SWHL commented 6 months ago

@subhankardori you are right, I mistakenly thought it was an error log

subhankardori commented 6 months ago

OS: Ubuntu 22.04.1 LTS PaddleOCR version: 2.7.3 Python version: Python 3.10.12 Paddle version: 2.5.2, had to downgrade the version of paddlepaddle-gpu, since the latest wasnt working inside container Code: can't be disclosed, but it is as good as a sample inference code

from paddleocr import PaddleOCR
import os
import numpy as np
import glob
from time import time
# Setup model
ocr_model = PaddleOCR(lang='en', use_angle_cls=True, use_gpu=True)

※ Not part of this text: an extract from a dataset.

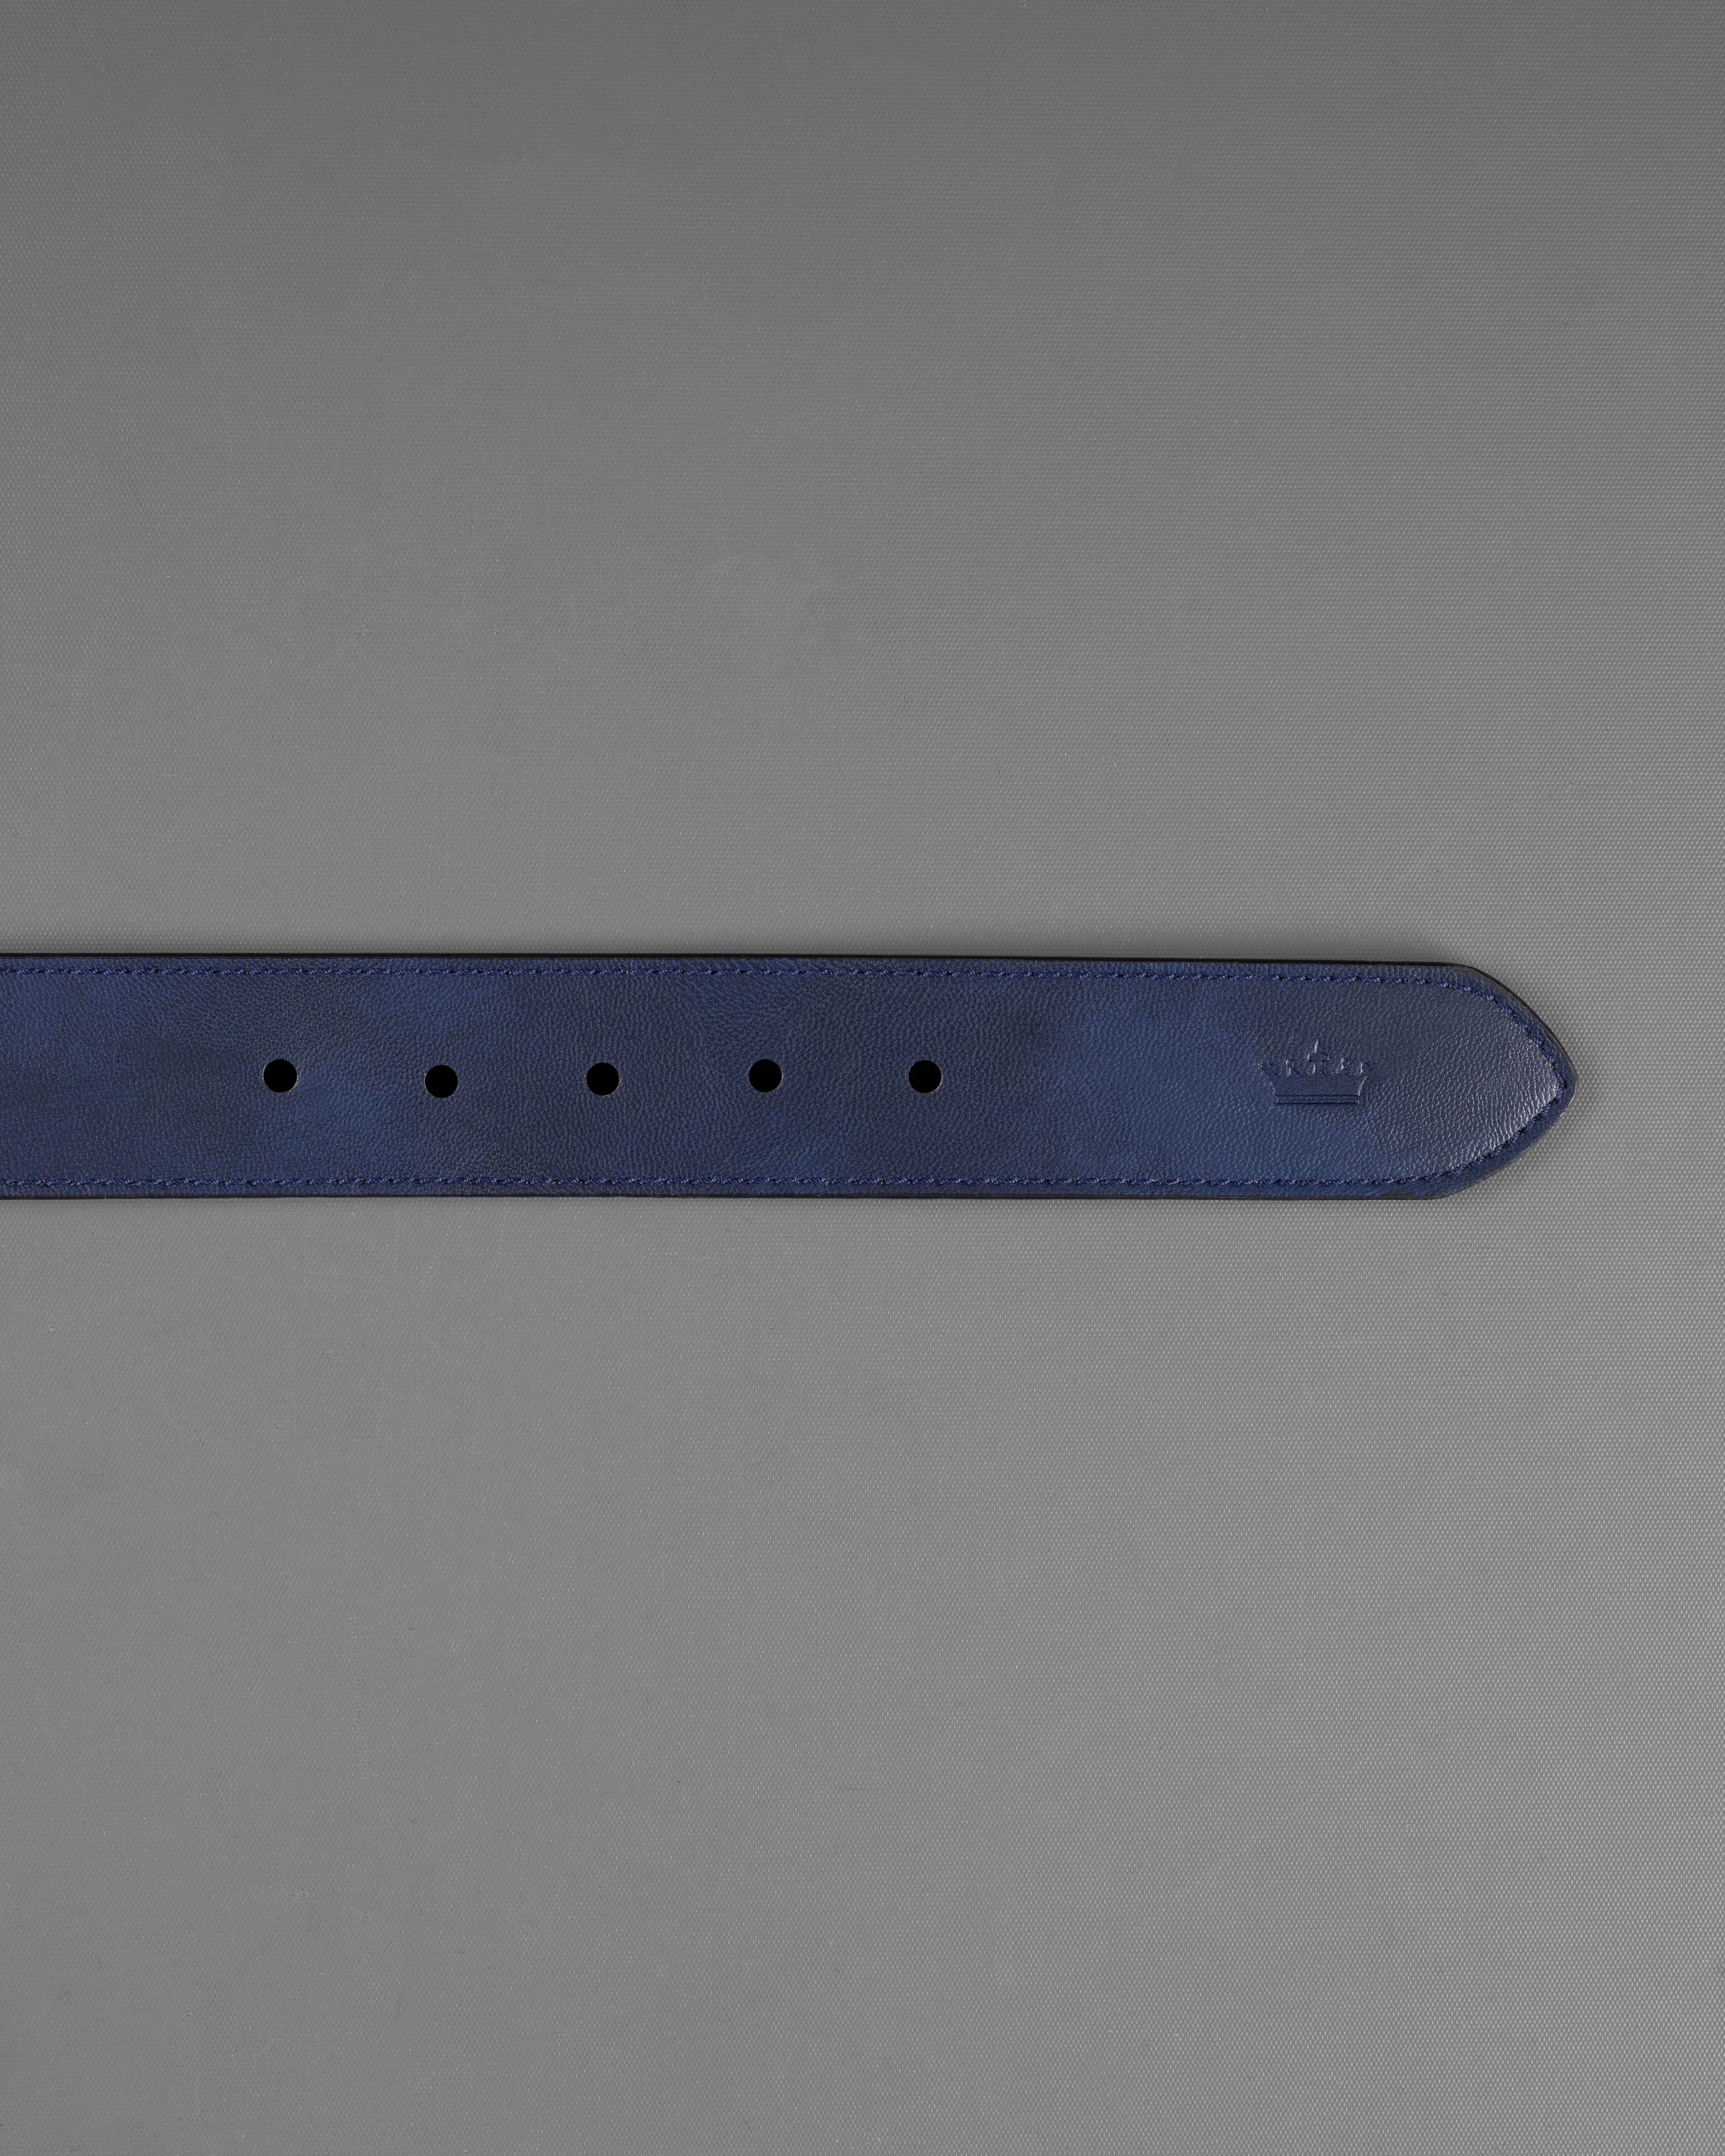 Blue with Black Buckle Leather Free Lightweight Handcrafted Belt BT106-28, BT106-30, BT106-32, BT106-34, BT106-36, BT106-38

# Source and destination directories
src_dir = 'abc'
dst_dir = 'xyz'

# Ensure destination directory exists
os.makedirs(dst_dir, exist_ok=True)

# Get list of image files in the source directory
image_paths = glob.glob(os.path.join(src_dir, '*'))

for img_path in image_paths:
    # Running the OCR method on the model
    t1=time()
    result = ocr_model.ocr(img_path)
    t2=time()
    print("PaddleOCR time:",(t2-t1))

    # Extracting detected components
    boxes = [res[0] for res in result[0]]  # The bounding boxes
    texts = [res[1][0] for res in result[0]]  # The recognized texts
    scores = [res[1][1] for res in result[0]]  # The confidence scores
    print(boxes, texts, scores)
    # # Import the image
    # img = cv2.imread(img_path)
    # ann=img.copy()
    # # Reorder the color channels
    # img = cv2.cvtColor(img, cv2.COLOR_BGR2RGB)

    # # Draw annotations on the image using OpenCV
    # for box, text, score in zip(boxes, texts, scores):
    #     # Draw the bounding box
    #     box = np.array(box).astype(int)
    #     cv2.polylines(ann, [box], isClosed=True, color=(0, 255, 0), thickness=2)

    #     # Combine text with confidence score
    #     label = f'{text} ({score:.2f})'

    #     # Draw the text and confidence score
    #     cv2.putText(ann, label, (box[0][0], box[0][1] - 10), cv2.FONT_HERSHEY_SIMPLEX, 0.5, (255, 0, 0), 2)

    # # Get the filename from the image path
    # filename = os.path.basename(img_path)

    # # Save the annotated image to the destination directory
    # cv2.imwrite(os.path.join(dst_dir, filename), ann)

But one key here is that, this is only occuring inside docker container, not when I am doing a ppocr inference on the local machine

SWHL commented 6 months ago

That's weird, and this is beyond my ability range. Wait and see if other friends have encountered this problem before

subhankardori commented 6 months ago

here are some things I tried to suppress it, but didnt work, may act as pointer

import os
import sys

# Redirect stderr to /dev/null
sys.stderr = open(os.devnull, 'w')

# Your code here

OR

import warnings
warnings.filterwarnings("ignore", message="Fail to fscanf.*")

didnt work to suppress this C++ warning

MonolithFoundation commented 6 months ago

Just uninstall paddleocr, it's really bad to use.

SWHL commented 6 months ago

@MonolithFoundation We are trying to make it more easier to use. If you don't like it, just don't use it and don't let it affect your mood.

subhankardori commented 6 months ago

@MonolithFoundation chill man, patience is the key, we will collaboratively sort it out PaddleOCR is by far the best scene text recognizer I have used, outperforming paid OCR APIs

SWHL commented 6 months ago

@subhankardori I suspect it's an issue with the PaddlePaddle framework, so I raised an issue in the Paddle repository. We can wait and see how they respond. The link is https://github.com/PaddlePaddle/Paddle/issues/64969

github-actions[bot] commented 1 week ago

This issue is stale because it has been open for 90 days with no activity.